Lamb — who is, frankly, one of the more despicable people I’ve had the misfortune to read this year — offers a classic fellow traveler-style take on Zimbabwe’s well-documented use of torture, violence and murder against the opposition parties,

The MDC said that during the 2000 election Mugabe’s ZANU-PF party used intimidation and violence. When asked about it, official representatives of ZANU-PF said that some of that did indeed happen. It occurred on both sides, but more so on the government’s side. However, Mugabe had known nothing of it at the time; he certainly hadn’t initiated it, and he condemns any of that kind of action now.

Yeah, he was only the president and leader of his party at the time. It’s completely outrageous that his critics might seem to think he had something to do with the all of the beatings, torture and political killings in Zimbabwe. But, instead, Mugabe was actually blissfully ignorant. Right, and Iraq doesn’t have any weapons of mass destruction.

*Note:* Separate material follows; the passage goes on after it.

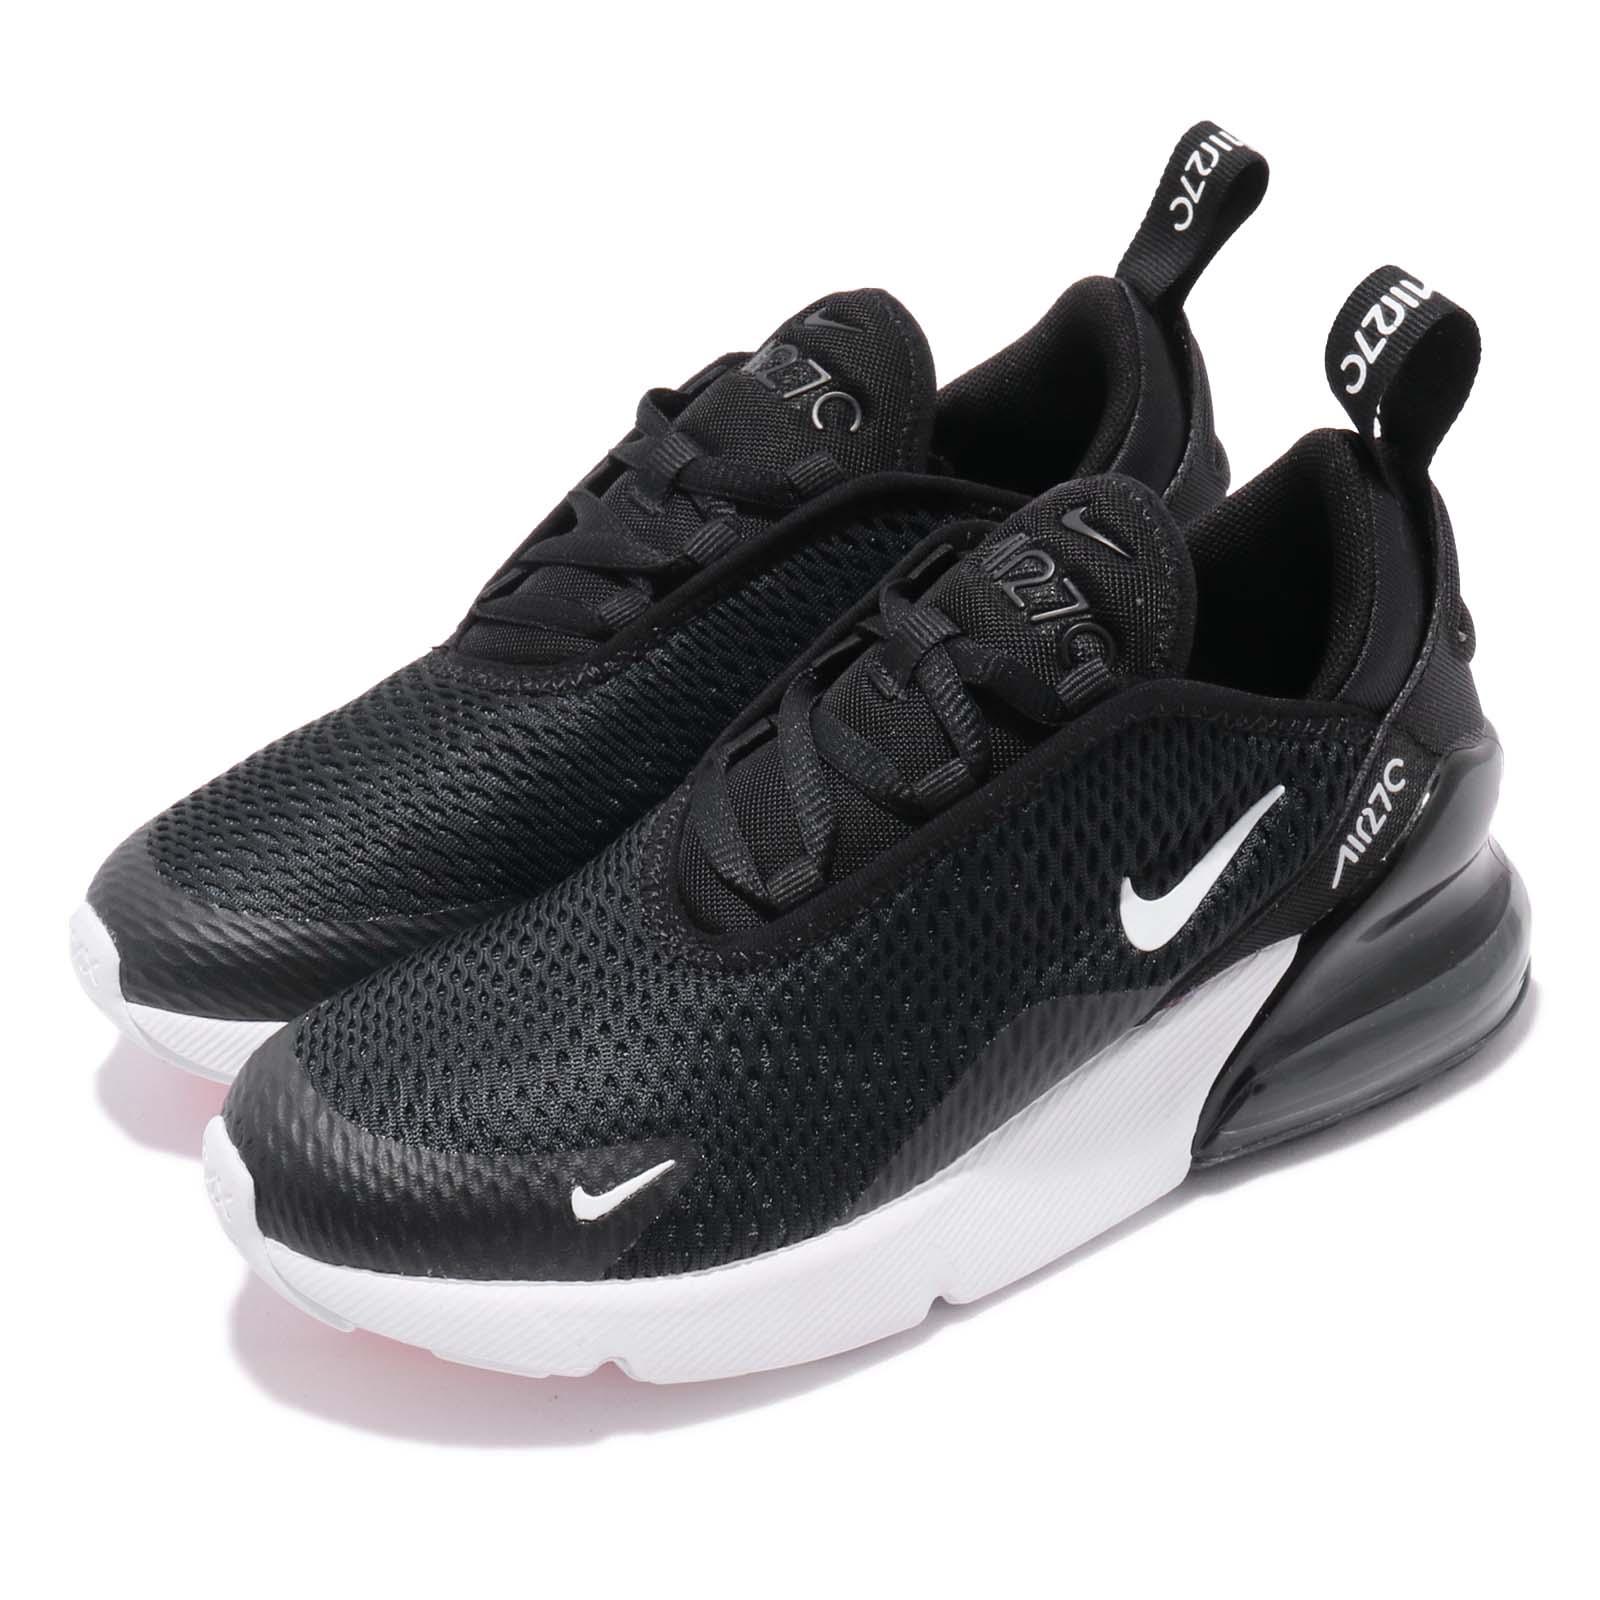 Nike 休閒鞋 Air Max 270 童鞋 AO2372-001

Lamb’s take on repression of homosexuals in Zimbabwe is instructive of this sort of idiocy,

Other reports have reached this country that Mugabe was beating, jailing even killing homosexuals. Across the board, people said that was ridiculous. Mugabe had said some negative things, but basically in African society they declare that you can be what you want to be, however you just can’t do what you want to do in public, whether you’re hetero- or homosexual.

Mugabe said negative things? He gave a speech in which he said gays were “worse than pigs and dogs . . . a scourge planted by the white man on a pure continent.” Mugabe went on to urge Zimbabwe’s media to take up the fight against homosexuals by exposing their activities. The government-owned The Herald ran ads proclaiming that called for a “crusade” against homosexuals claming that “God commands the death of sexual perverts.” Male homosexuality is a crime in Zimbabwe punishable by up to eight years in jail (lesbianism is technically not illegal, but lesbians are arrested and charged on other offenses).

And just when you think things can’t get worse, Lamb and her fellow apologists just keep getting nuttier. Mugabe has arrested, tortured and sometimes killed his opponents. He’s used gangs of supporters to intimidate voters and denies food aid to those he thinks side with the MDC. But who are we to judge him — after all, the United States didn’t hold a presidential election until 1789!!! Lamb writes,

One of the things all 4 elected officials saw was the double standard this country uses in judging Zimbabwe and its history, and our own. They won their freedom in 1979 and had their first election in 1980, just one year after. “But,” said Powell, “this nation took 13 years just to have an election for president. We had General George Washington running the country from 1776 until 1789 when he was first elected.”

What an idiot. Prior to the ratification of the United States, of course, the country was governed by the Congress of the United States as laid out quite clearly in the Articles of Confederation which was agreed to in 1777 and ratified in force in 1781. Powell also seems unaware that Washington resigned as commander-in-chief of the Continental Army in 1783.

Well, he doesn’t know anything about Zimbabwe, why should we expect him to know anything about his own country?

Sources:

Elected Officials Take Fact-Finding Trip To Zimbabwe. Donna Lamb, The Black World Today, November 7, 2002.

African American Group Disputes Mugabe’s Claims On Land Reform. Mthulisi Mathuthu, Zimbabwe Independent (Harare), November 15, 2002.

Homosexual and hated in Zimbabwe. The BBC, August 12, 1998.